=== Provided data ===

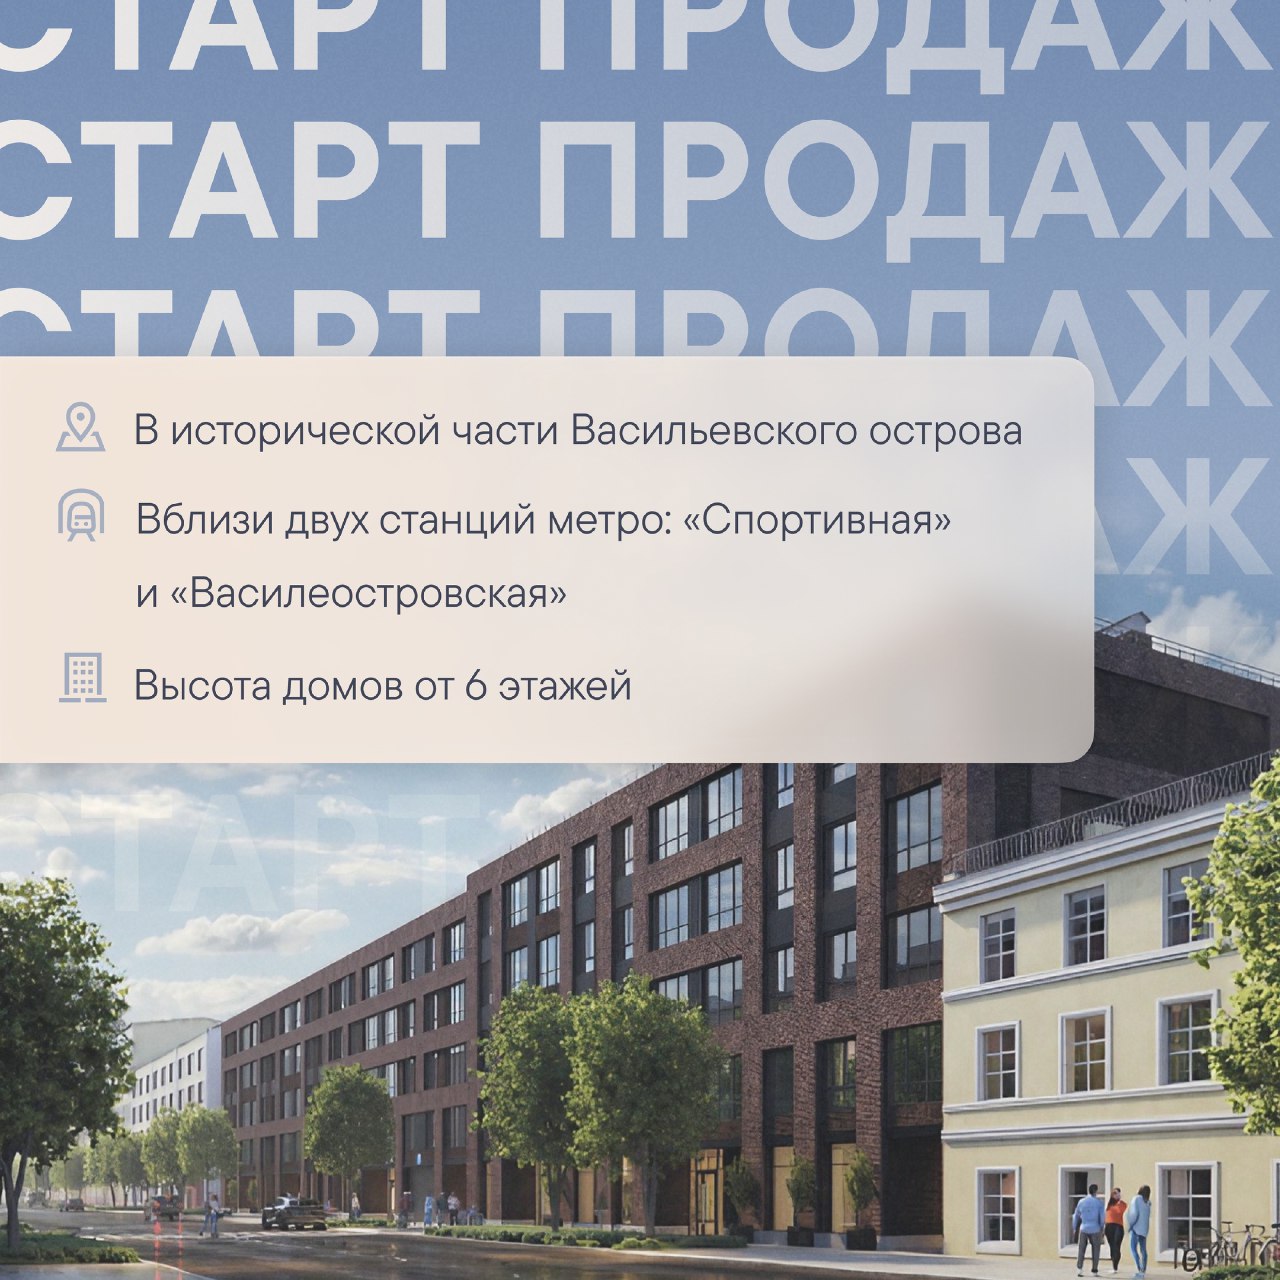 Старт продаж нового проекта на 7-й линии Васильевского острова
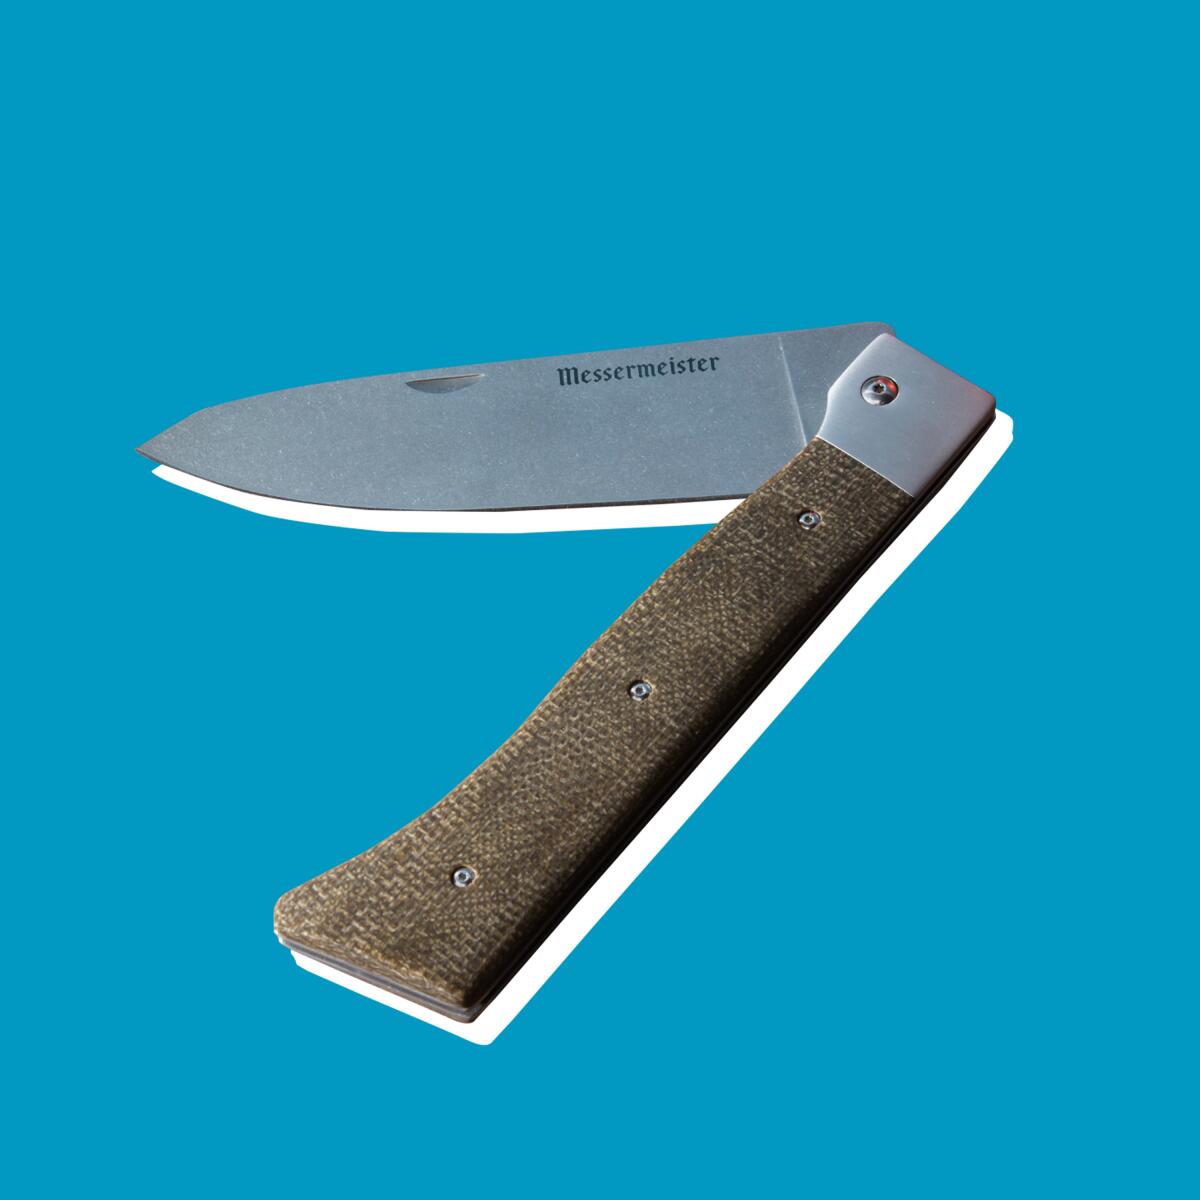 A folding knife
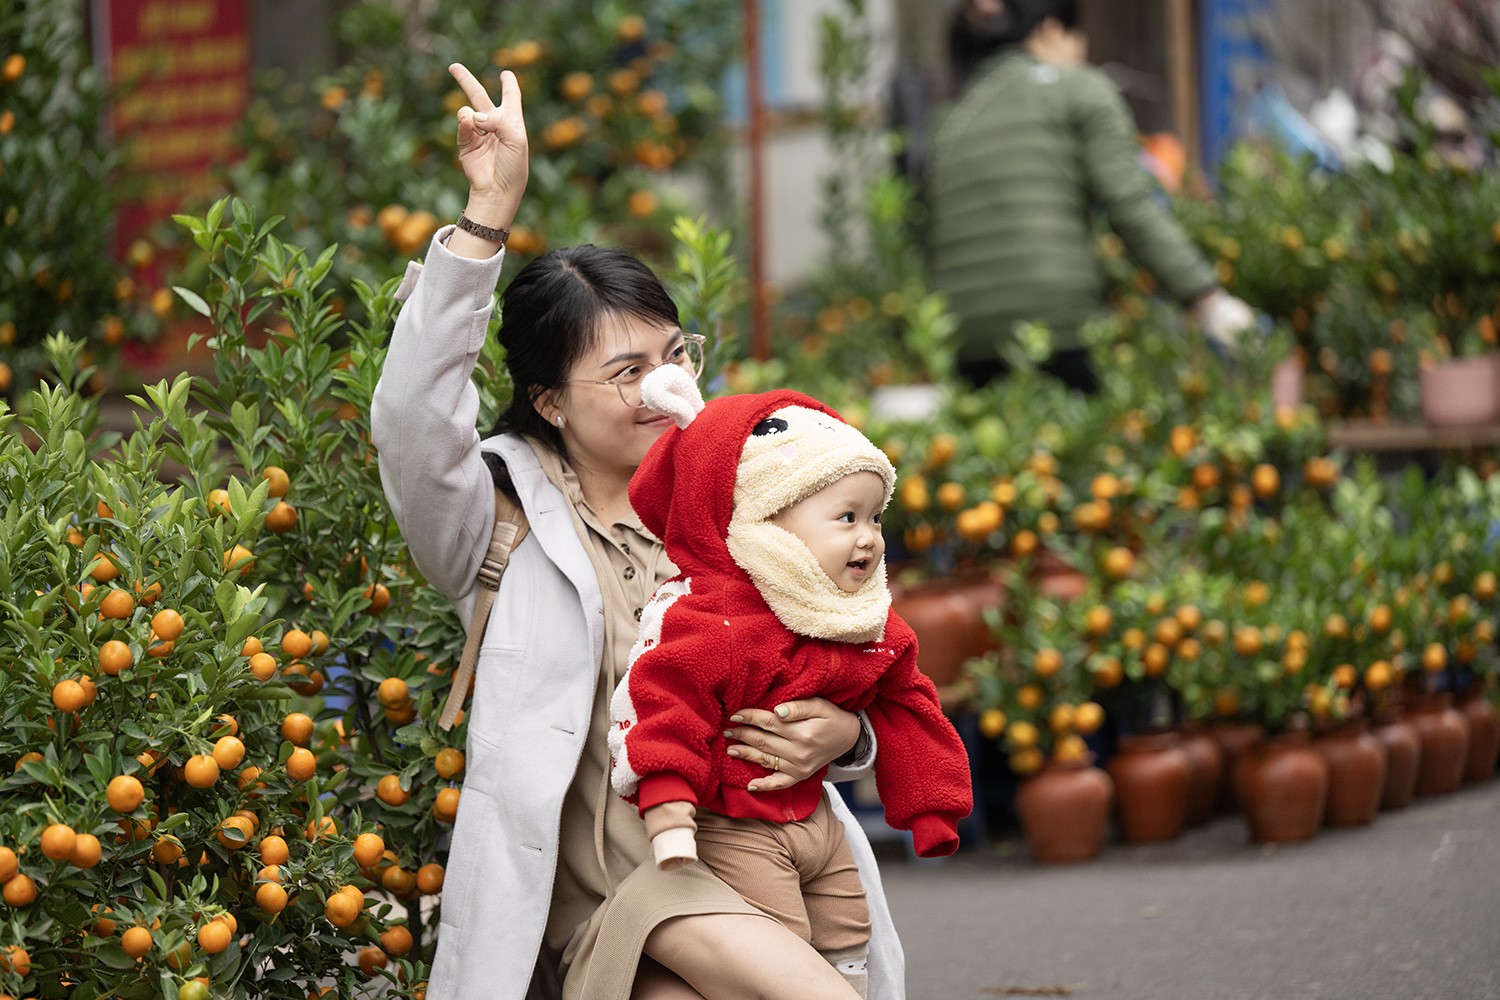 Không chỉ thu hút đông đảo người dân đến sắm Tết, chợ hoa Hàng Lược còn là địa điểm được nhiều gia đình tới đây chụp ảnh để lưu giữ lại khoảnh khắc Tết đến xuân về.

===

**What is needed**. Drop the pictures and set down the data above exactly.

**Answer to this exercise**.
 Старт продаж нового проекта на 7-й линии Васильевского острова
 A folding knife
 Không chỉ thu hút đông đảo người dân đến sắm Tết, chợ hoa Hàng Lược còn là địa điểm được nhiều gia đình tới đây chụp ảnh để lưu giữ lại khoảnh khắc Tết đến xuân về.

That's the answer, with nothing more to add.